Big fish and other large ocean creatures face higher risks of extinction than small ones, overturning a 500 million-year pattern and indicating that human hunting is to blame, scientists said.

Fossils from five mass extinction events, most recently when an asteroid struck the earth 65 million years ago, showed that small marine animals were slightly more likely to be wiped out than big ones in the pre-historic cataclysms, a study published in the journal Science said.

By contrast, large modern fish such as tuna and sharks, as well as mammals including whales and seals were more likely to be on a global Red List of endangered species than small fish and molluscs.

Modern threats “are dominated by large body size. The past extinction events are not,” Jonathan Payne, of Stanford University, who led the study said.

This kind of effect hasn’t happened before in the ocean... in half a billion years

“This kind of effect hasn’t happened before in the ocean... in half a billion years,” he said. He said the findings were evidence that human hunting was the dominant threat to marine life.

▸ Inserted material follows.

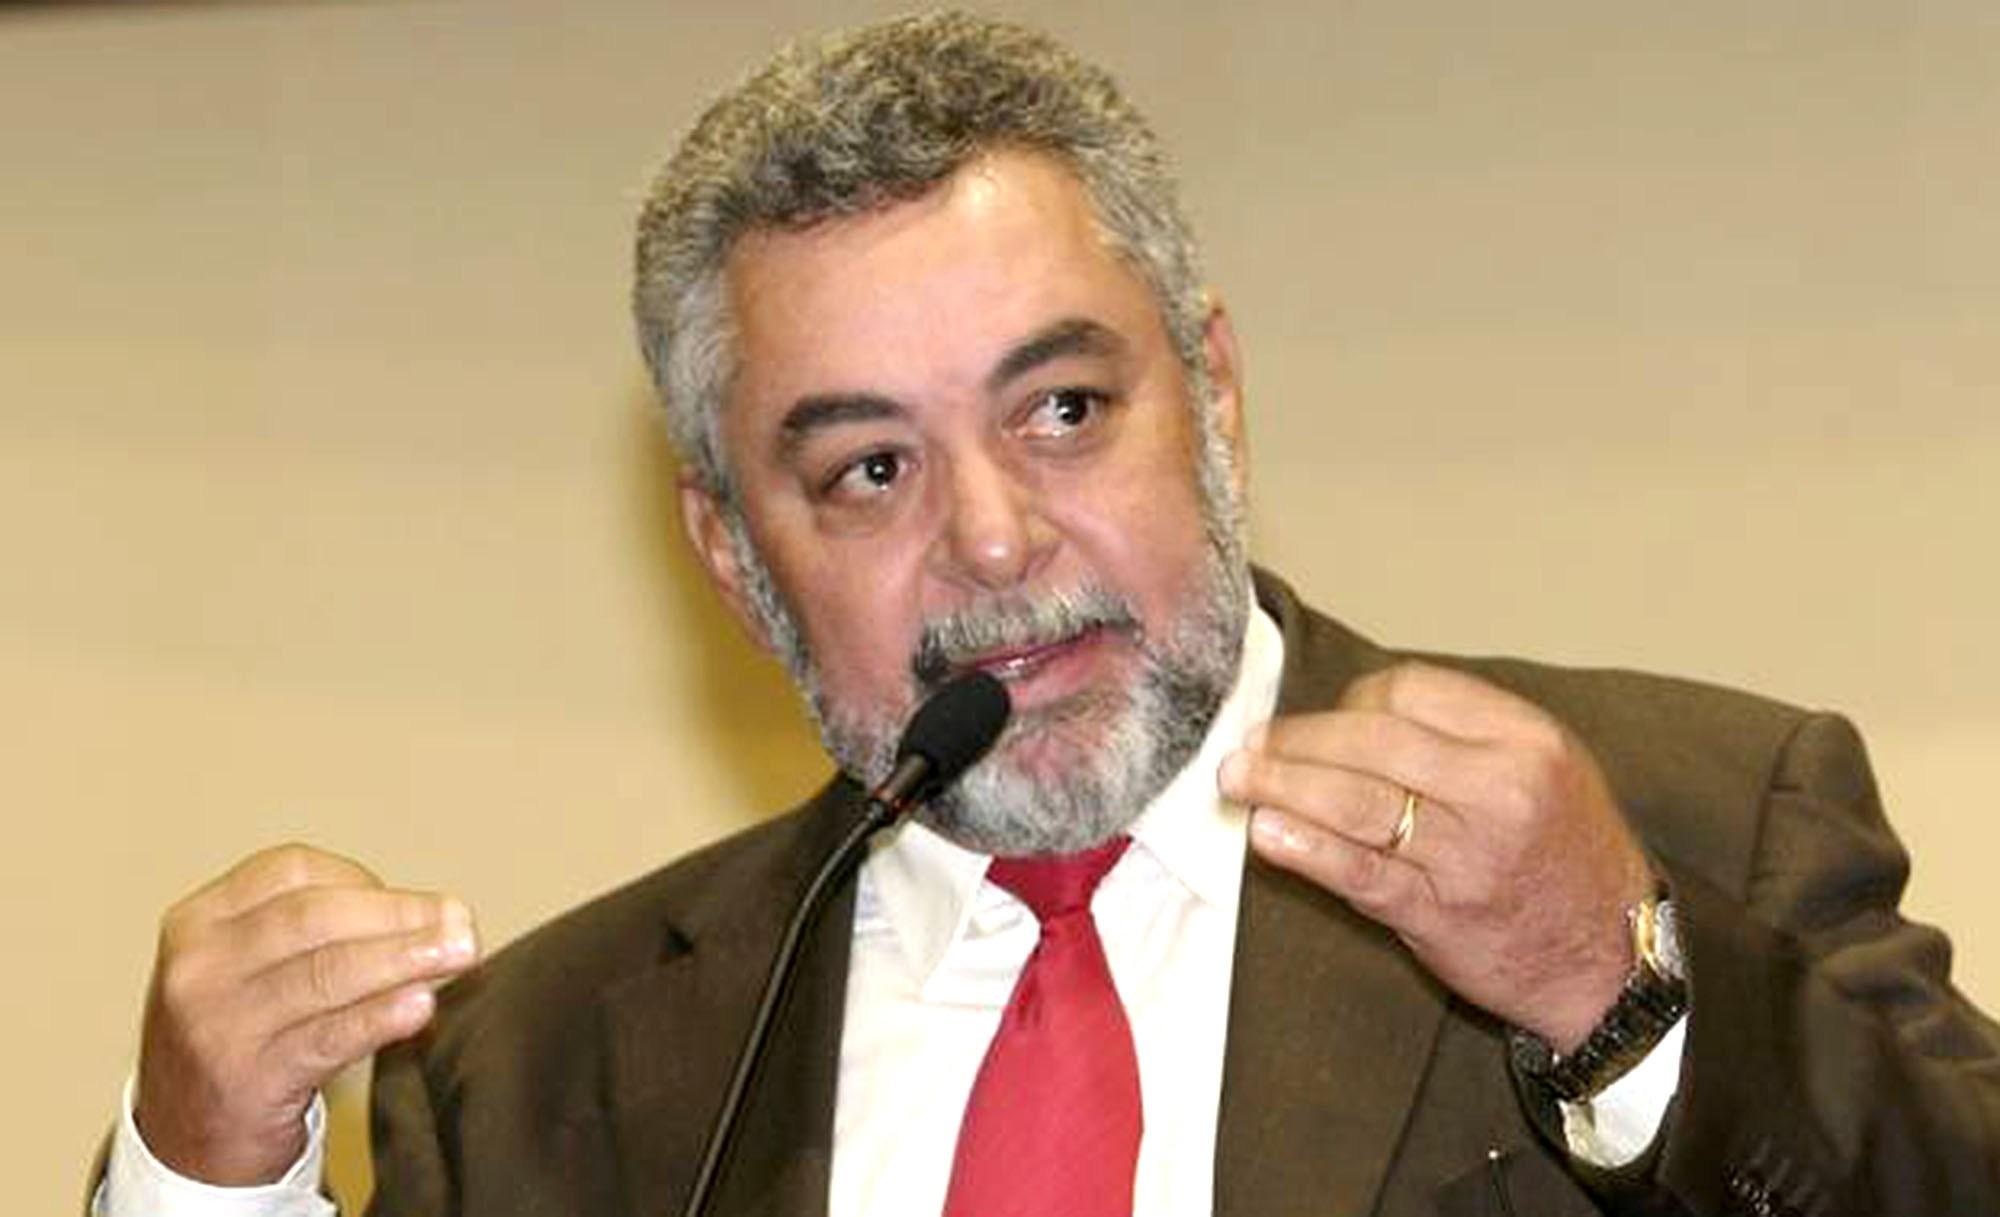 PPS corteja Marrafon, mas Muniz alerta que 'apoio a Taques depende de debates'

UN reports say the earth risks a “sixth mass extinction”, driven on land by people clearing forests to make way for farms and roads, as well as by pollution and hunting. Climate change will add to the risks, on land and in the oceans. The Red List, run by scientists at the International Union for Conservation of Nature, says between 24 and 40 per cent of ocean creatures are now vulnerable to extinction.

Even so, the oceans have escaped hunting on a scale blamed for wiping out land creatures such as the woolly mammoth, the cattle-like auroch, the Tasmanian tiger and the dodo.

“Until relatively recently, humans were restricted to coastal areas and didn’t have the technology to fish in the deep ocean on an industrial scale,” co-author Noel Heim of Stanford wrote in a statement.

Of large modern ocean creatures, only Stellers’ sea cow, which grew up to nine metres in length, has been driven to extinction by hunting, in the 18th century.

That meant there was still time to avert extinctions.

“The good news is that it’s not going to happen right away,” Payne said. “We have the opportunity to change.”